#### Data segment
BEGIN

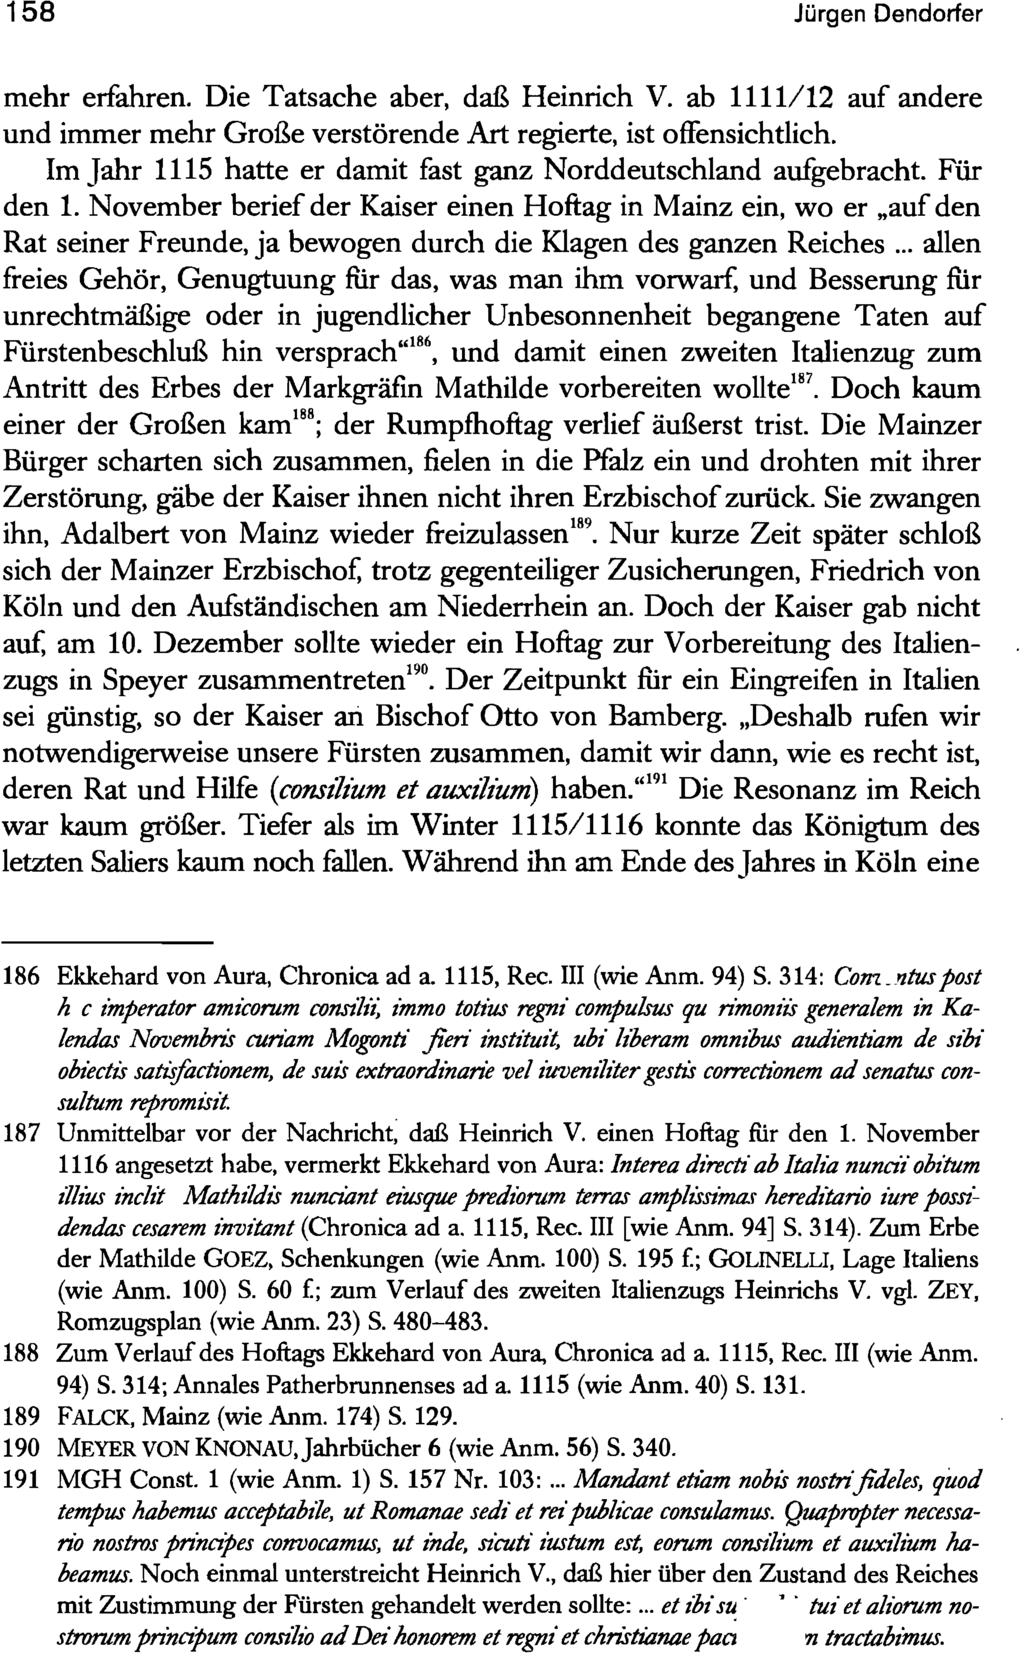 158 Jürgen Dendorfer mehr erfahren. Die Tatsache aber, daß Heinrich V. ab 1111/12 auf andere und immer mehr Große verstörende Art regierte, ist offensichtlich.
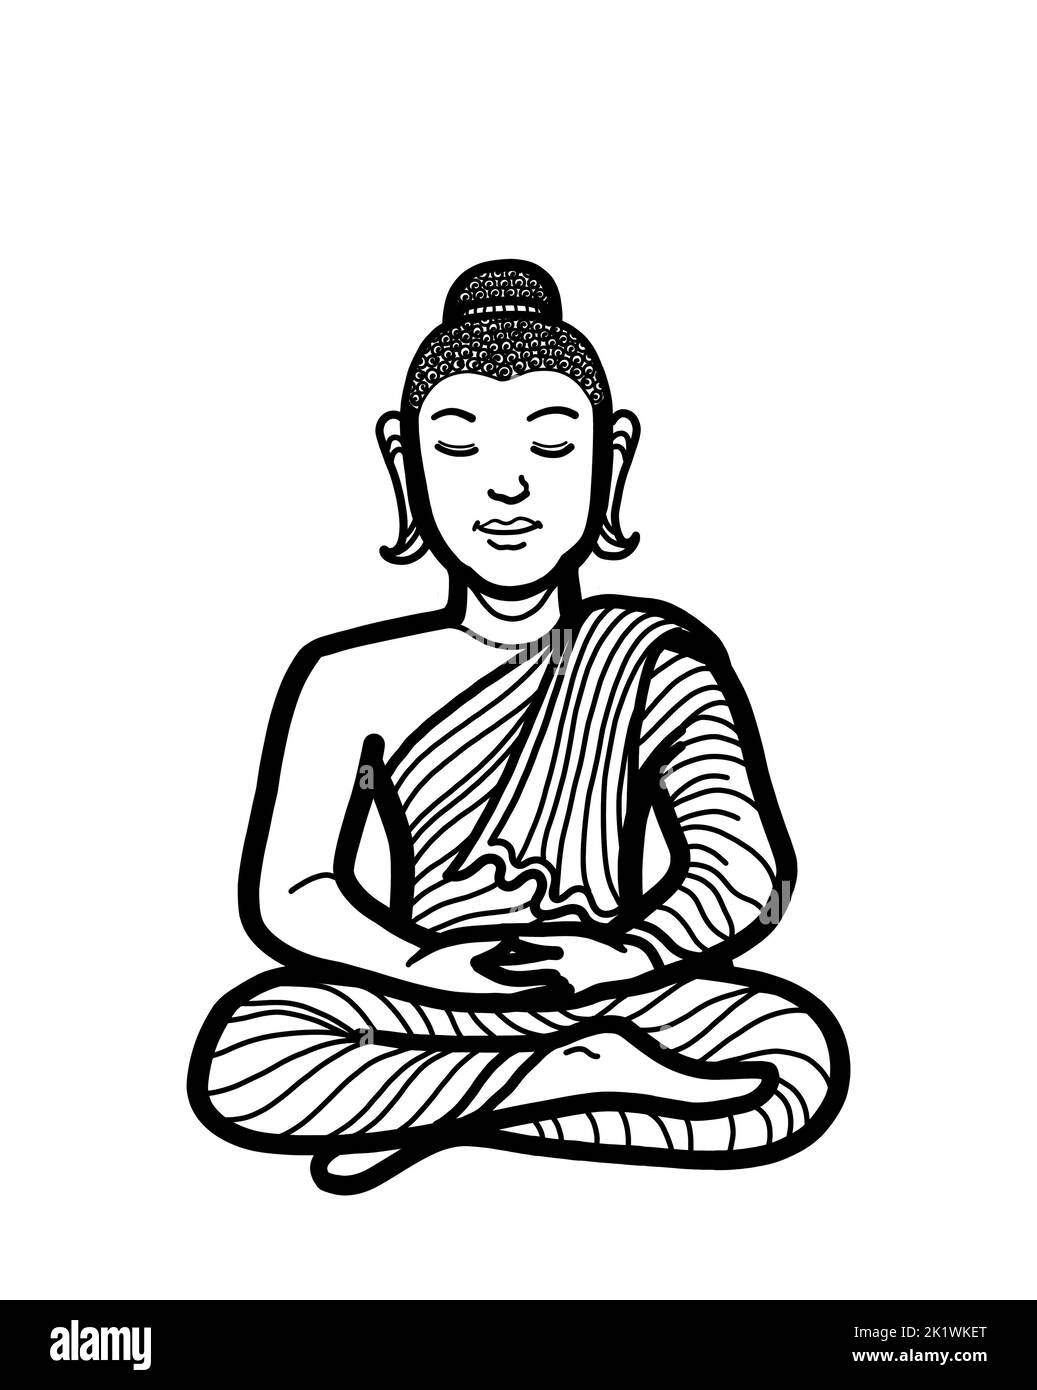 Gautama Bouddha assis dans lotus pose méditant. Pratique de la méditation bouddhiste pour l'illumination, la pleine conscience, la paix, l'harmonie et la spiritualité. Banque D'Images
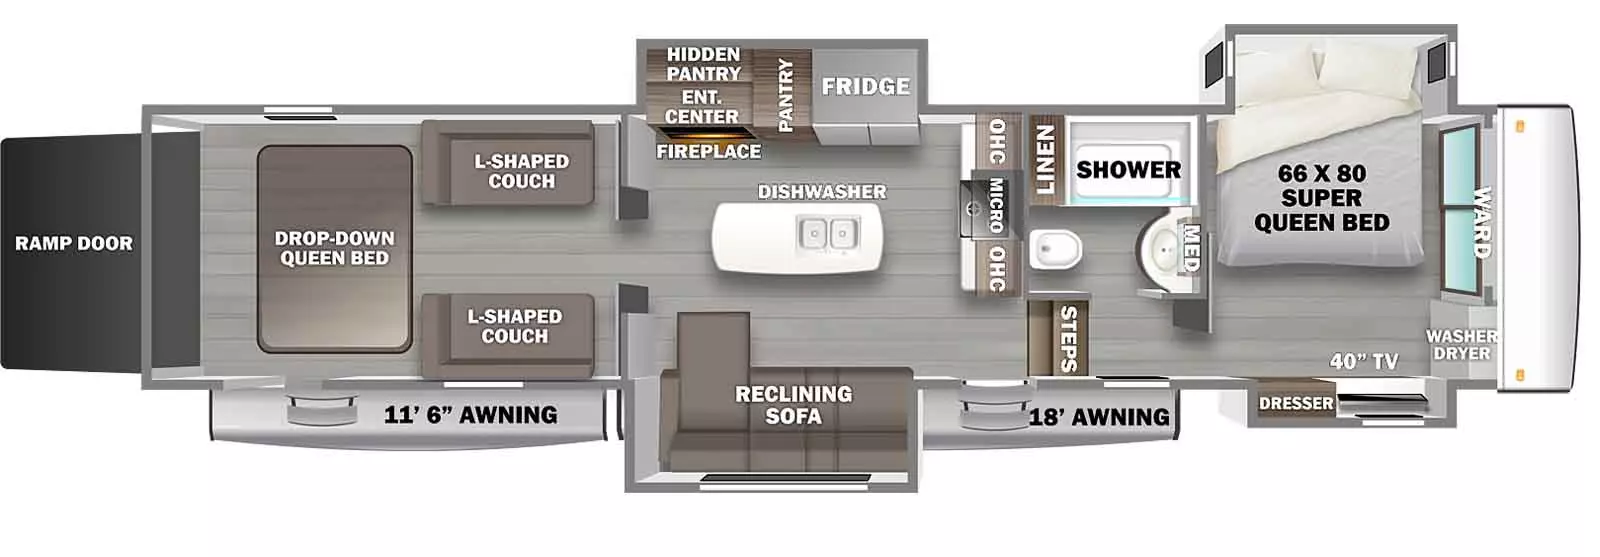 45BATH Floorplan Image
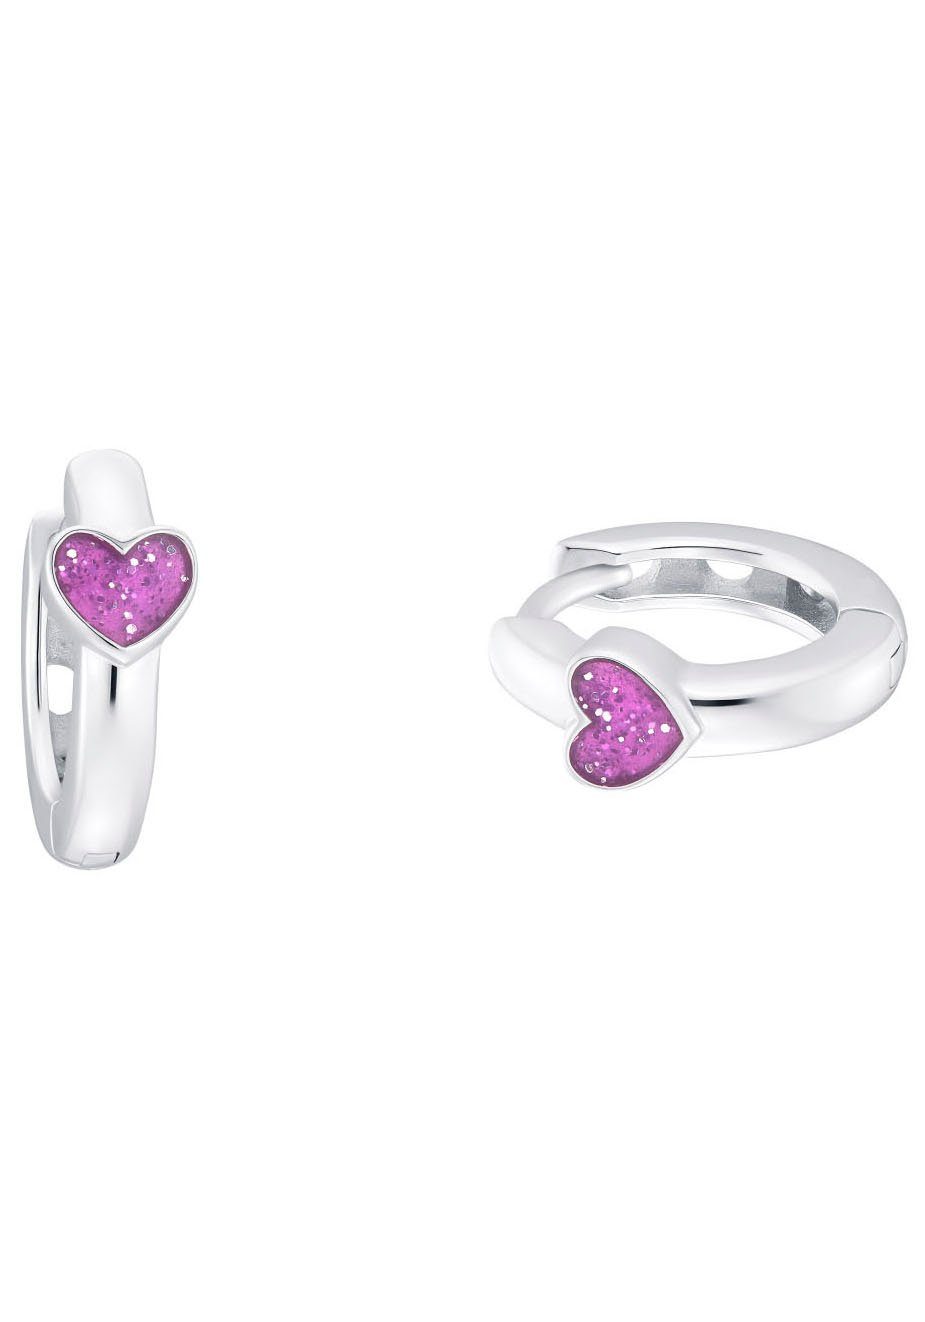 Purple Prinzessin Paar Creolen Heart, 2036442 Lillifee

END

Your output must consist only of the lines from the line with "45BATH Floorplan Image" through the final line of the data, both included, reproduced exactly and free of pictures.

 45BATH Floorplan Image
 Purple Prinzessin Paar Creolen Heart, 2036442 Lillifee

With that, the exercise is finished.